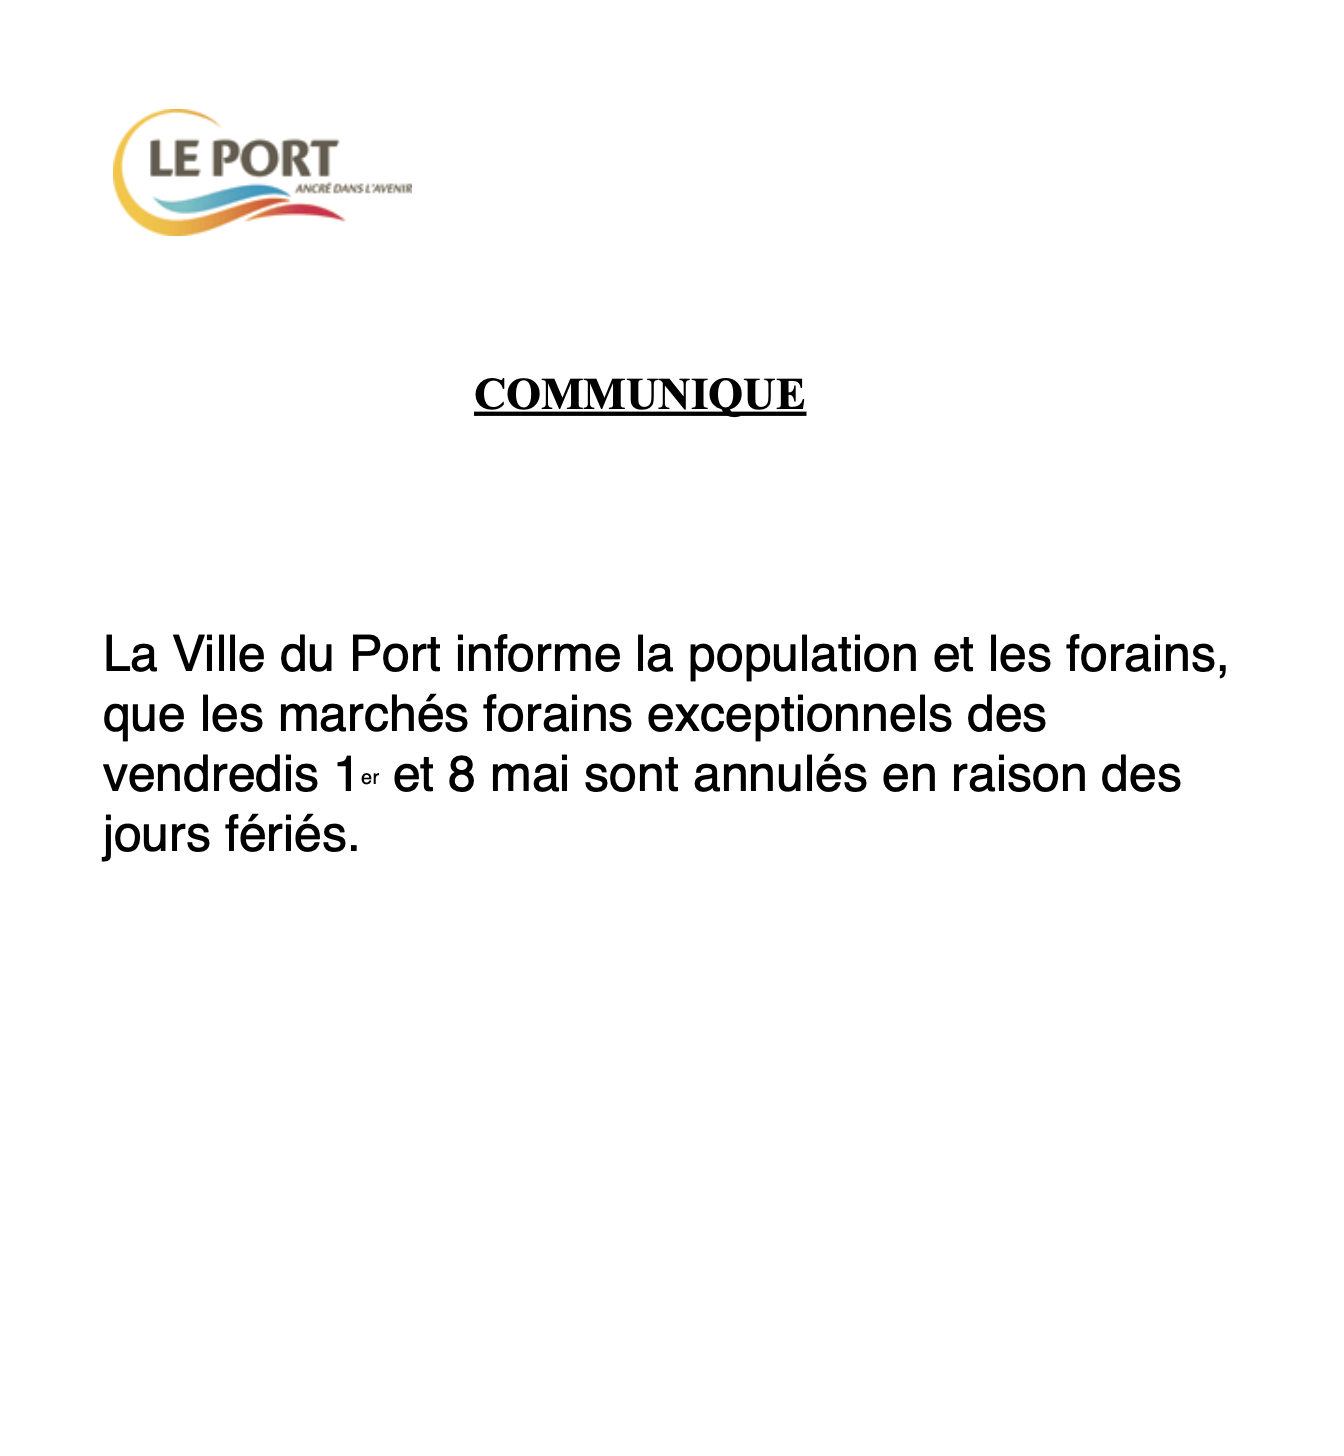 Le Port : Annulation des marchés forains le 1er et 8 mai
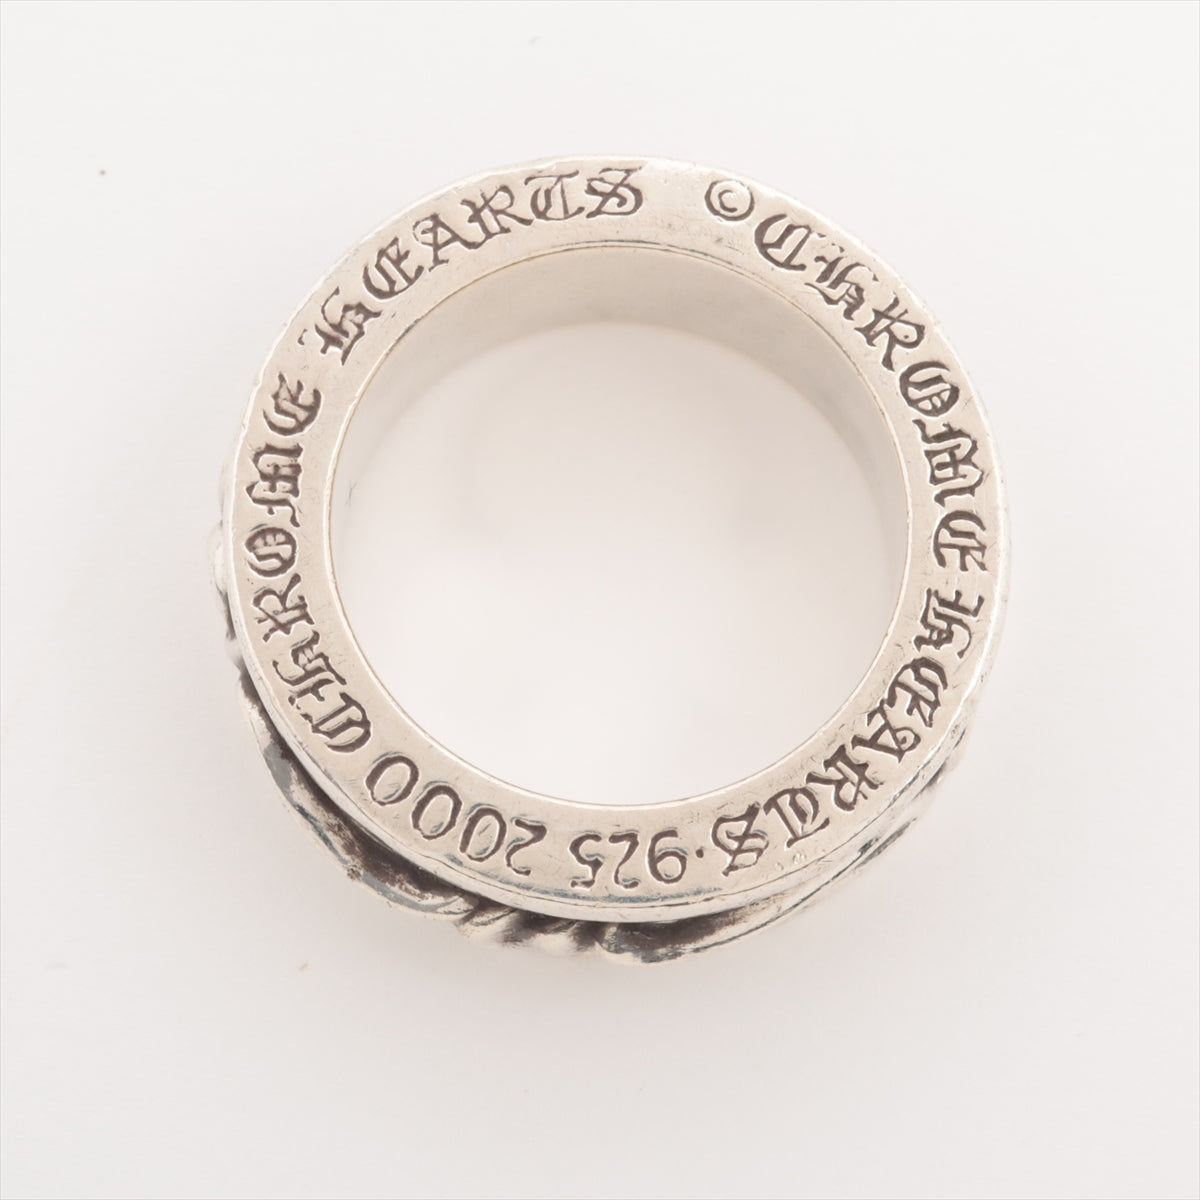 Chrome Hearts Spinner scroll rings 925 19.1g
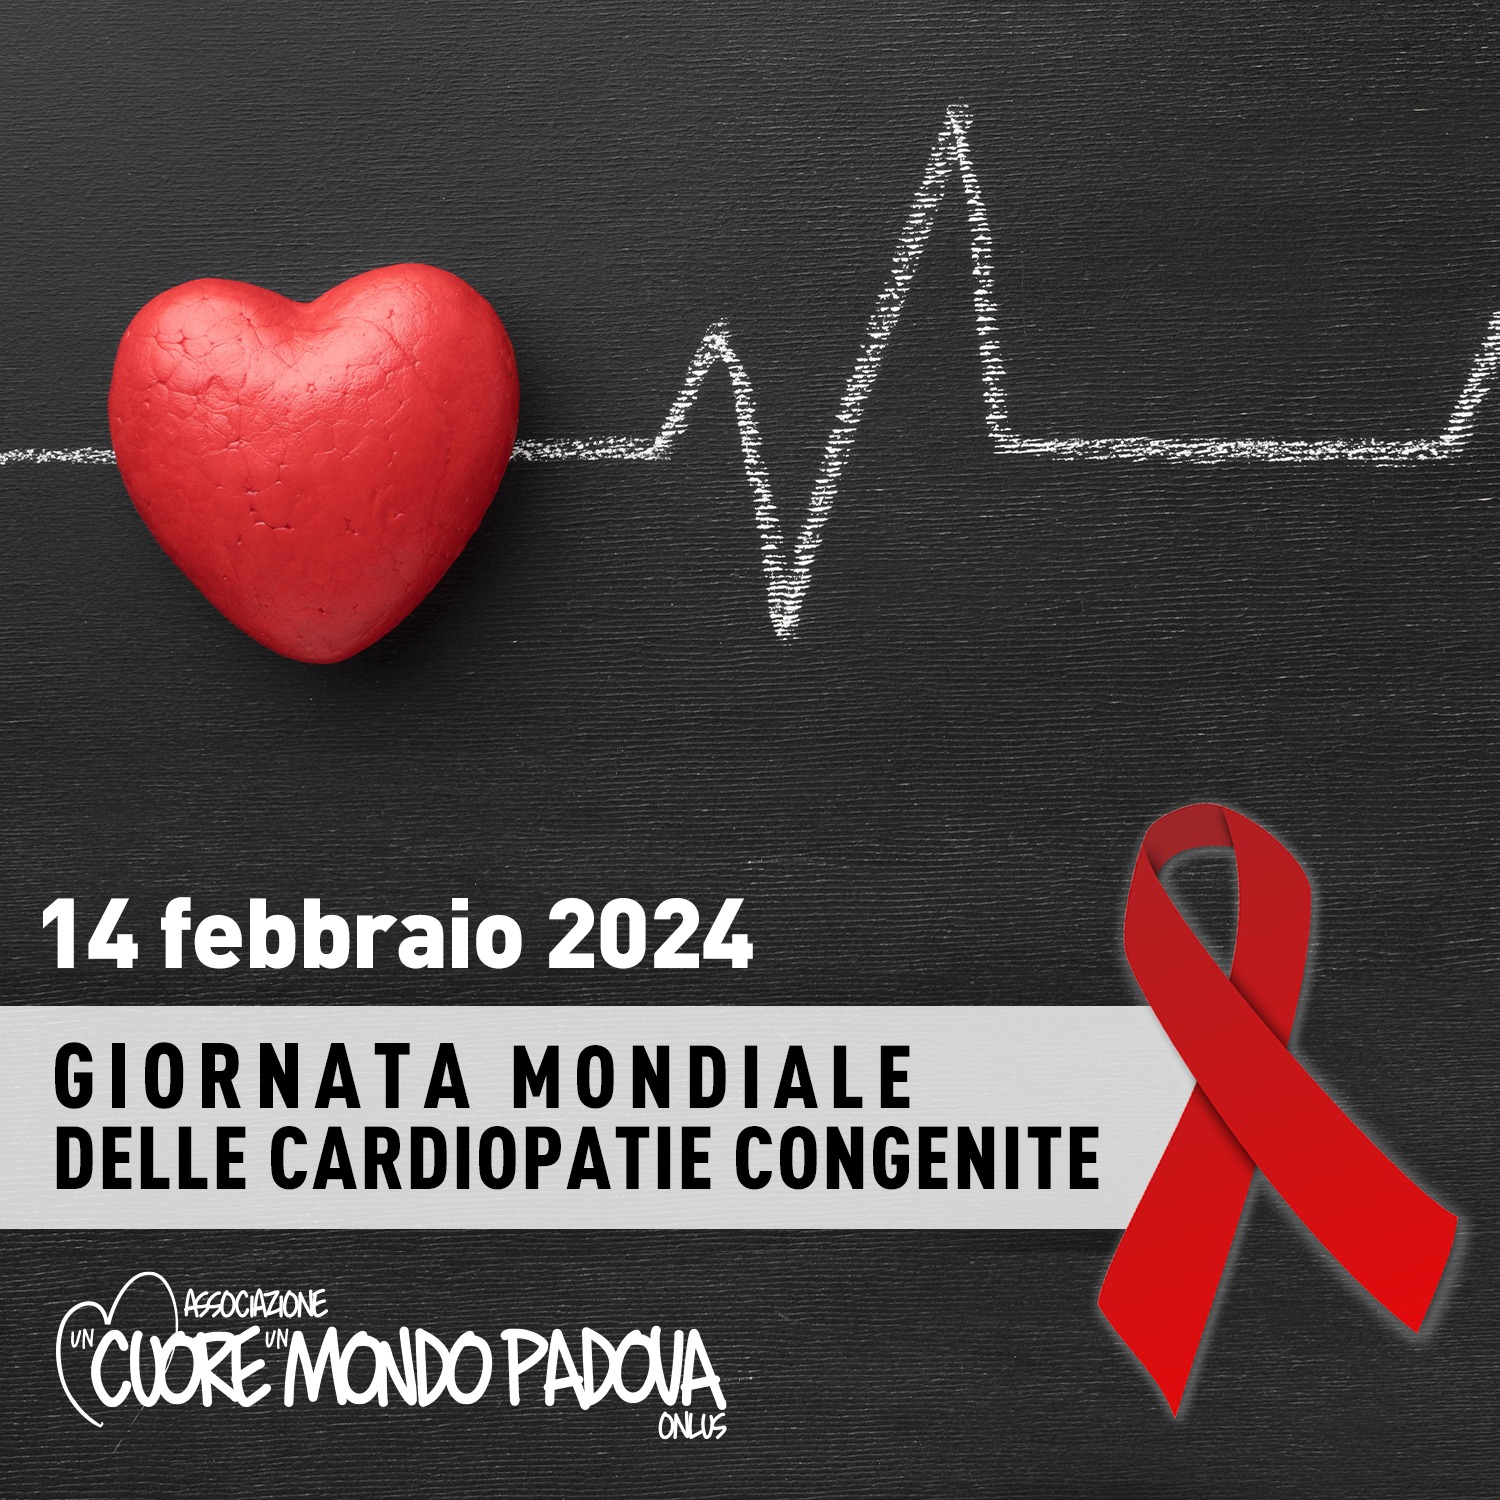 14 febbraio 2024: giornata mondiale delle cardiopatie congenite

*Task brief*
Set down the material exactly, every line of it, except for the pictures.

*Answer to the exercise*
 Le Port : Annulation des marchés forains le 1er et 8 mai
 Chrome Hearts Spinner scroll rings 925 19.1g
 14 febbraio 2024: giornata mondiale delle cardiopatie congenite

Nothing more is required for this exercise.